One-Class Support Vector Machine Algorithm

The One-Class Support Vector Machine (SVM) algorithm is used to solve anomaly detection problems, which are considered to be a kind of classification problem. Standard classification algorithms require the presence of both positive and negative examples (counterexamples) for a target class. One-Class Support Vector Machine (SVM) classification requires only the presence of examples of a single target class. The model learns to discriminate between the known examples of the positive class and the unknown negative set of counterexamples. The goal is to estimate a function that will be positive if an example belongs to a set and negative or zero if the example belongs to the complement of the set. This type of problem is called anomaly detection.

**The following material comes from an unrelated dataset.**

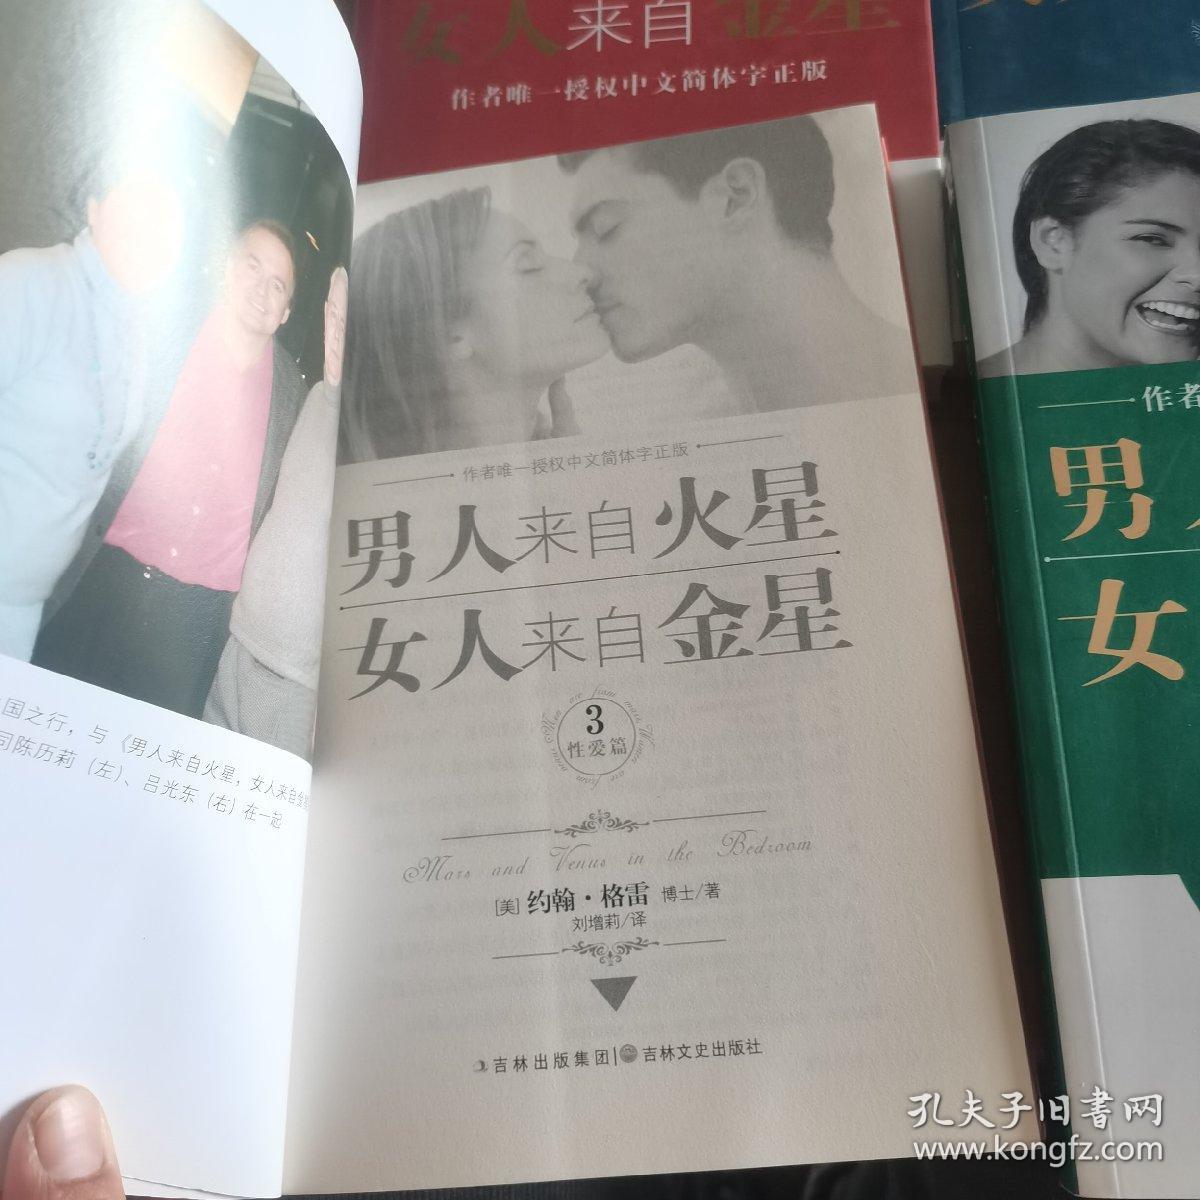 男人来自火星，女人来自金星-作者唯一授权中文简体字正版  恋爱篇  性爱片篇  健康篇（四本合售）

Solving such a "One-class" classification problem is difficult. The goal of anomaly detection is to provide some useful information where no information was previously attainable. The goal is to create a "profile" of the known class, and to apply that profile to the general population for the purpose of identifying individuals who are "different" from the profile in some way.

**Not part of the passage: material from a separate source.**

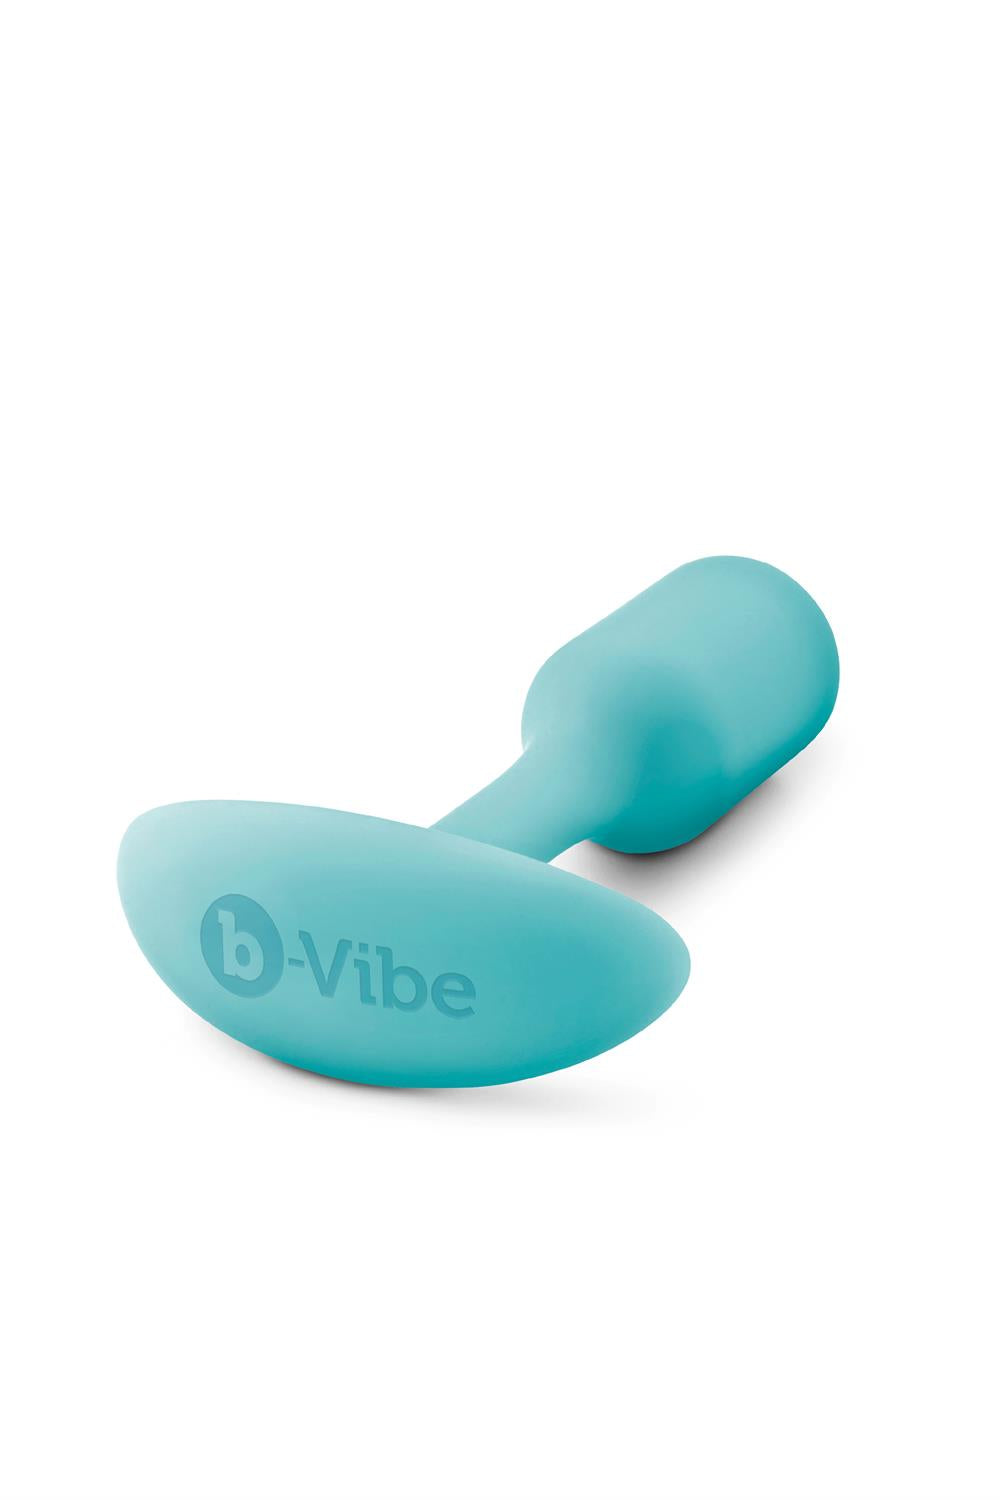 B-vibe Snug Plug 1 Mint

One-class SVM models, unlike SVM classification and regression models, do not have a target.

One-class SVM models are useful also in cases where it is difficult to provide counterexamples. For example, in text document classification, it is easy to classify a document under a given topic. However, the universe of documents not belonging to this topic can be very large and it may not be feasible to provide counterexamples.

If you have enough counterexamples for the rare event, you can still build an anomaly detection model; however, in this case, an SVM classification model may provide better results.

You can use one-class SVM for anomaly detection where the input table has text columns. For details, see Text Mining.

SVM is the only Oracle Data mining algorithm that supports one-class mode.

Another way to detect rare events is to build a clustering model, apply it, and then find items that do not fit in any cluster.